MOONFLOWER

If I have failed as a tomato farmer, I have excelled in the realm of night bloomers, more specifically, I have excelled in the growing and tending of the moonflower.

Before I started running the roads with my pal, Alice, I was unfamiliar with moonflowers.  I had spent an evening years ago in my old boss’s backyard waiting for a similarly named plant to pop with blooms—also called moonflower—but this is not the same moonflower of which I now speak. 

That was a shrub covered with trumpety looking blooms that dangled down and were supposed to give off a lemony fragrance at the exact moment of eruption.  Everyone ooh’ed and ah’ed and I kept missing it, missed it even as I moved my lawn chair closer and closer to the action.   I finally ooh’ed and ah’ed, too, just to fit in, but I never managed to share the experience.

But driving around with Alice one spring, she insisted we stop by this nursery and that one, in search of moonflower vines.  We found them, scraggly-looking things, and then we plonked down an unbelievable amount of money for each, and took them home, and with the slimmest of instructions from Alice, I stuck mine in the ground.

For the longest time nothing happened.

There was a shoot—a long tendril that crept along at a pace so slow I thought surely I had chosen a sick plant.  It was tough that first summer remembering which was the moon vine and which was that invasive weed vine that shows up and takes over, especially after a rain—the weed with the large heart-shaped leaf, not the variated green and pointy weed vine.

Patience, however, is rewarded.

Sometime in late July, the moon vine just takes off, climbs the pillars of the porch, overtakes the trellis, wraps around the downspout and reaches toward the roof line, and SNAP!  just like that, the flowers come along.

At first they look like tiny soft-serve ice cream cones, all tightly twisted, a soft pale cream, tinged with the faintest of lime green.  Then, about dusk, they loosen up, work to open, and they do, but still a little sad looking, like a crumpled tissue.

Peek again just as night falls completely and you will be rewarded with a delicate flower, the size of a dessert plate, no wrinkles now, but a perfect bloom adorned with a spiral center, the pale tracing of green even fainter now, and it is a thing so beautiful it stops the heart and arrests the breathing for a moment or two.

And this delicate, perfect moonflower is not alone.  She has her friends with her, some evenings two friends, , some evenings, a dozen. There in the dark, they glow, or we think they do, because they should, really, they should.

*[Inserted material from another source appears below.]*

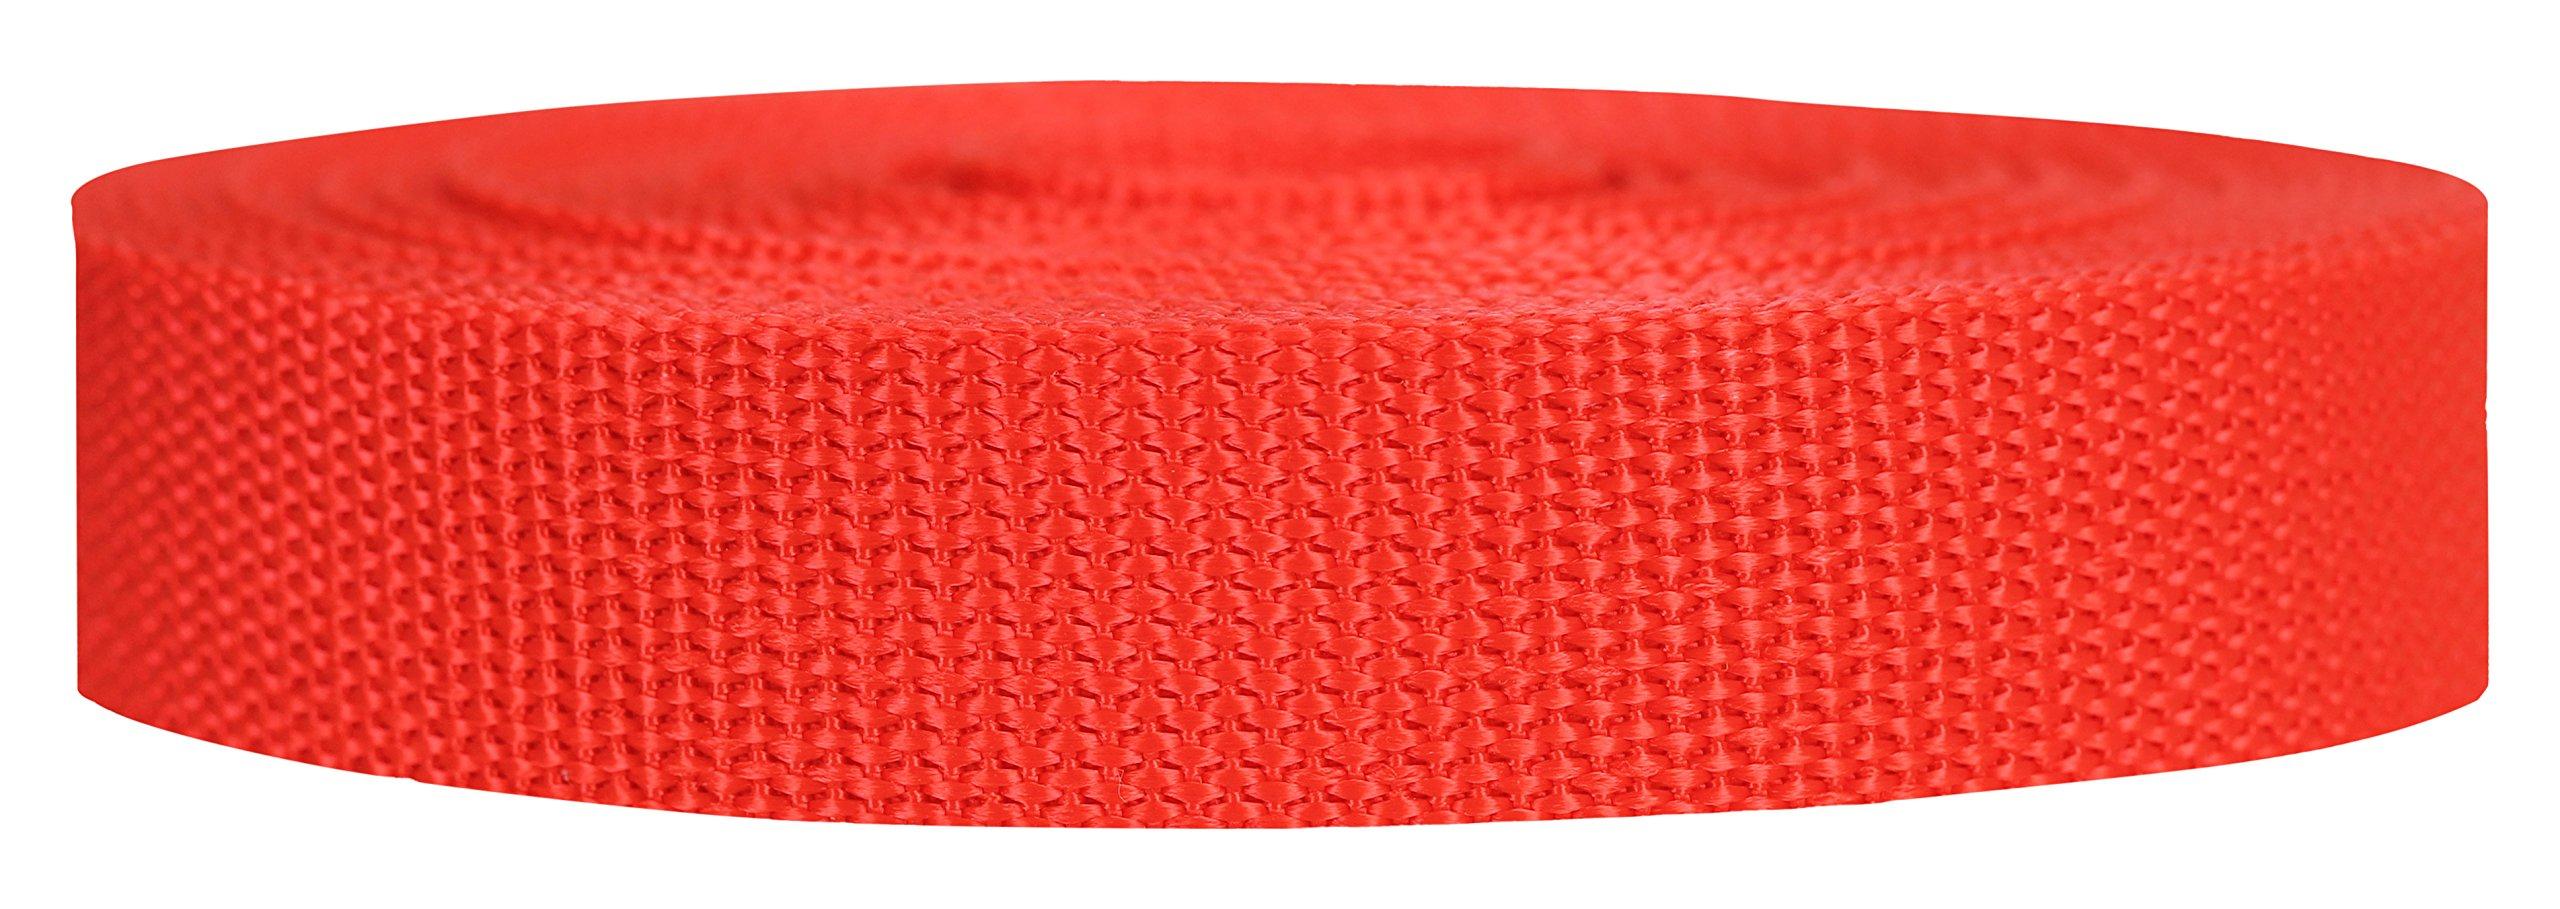 Strapworks Heavyweight Polypropylene Webbing - Heavy Duty Poly Strapping for Outdoor DIY Gear Repair, 1 Inch x 10 Yards - Blood Orange

They last the night, that is all.   New flowers set and spiral, destined to bloom when the sun goes down, only to fold up and fall from the vine with the first rays of morning sun.

And so it continues until late in the summer, until autumn arrives.

Ipomoea alba—moonflower or moon vine —shares its lineage with the morning glory, and is native to the New World—therefore, completely our own.  No cultivar this, no coveted and pirated plant brought in a ship’s hold to recreate the gardens of Europe, the exoticism of Asia.   Just a joyous little flower with a night owl’s sensibility, brightening up little corners of darkness here and there.

Much later, when the blooms are spent and there is nothing more to see here, the seed pods will be ready for harvest.  The seeds are poisonous but then, what is beauty without a little danger?  Research tells me moonflowers are easy to grow from seed, and this will be my late spring project.  If I fail—and it is a possibility for which I am prepared—I know where to purchase new plants.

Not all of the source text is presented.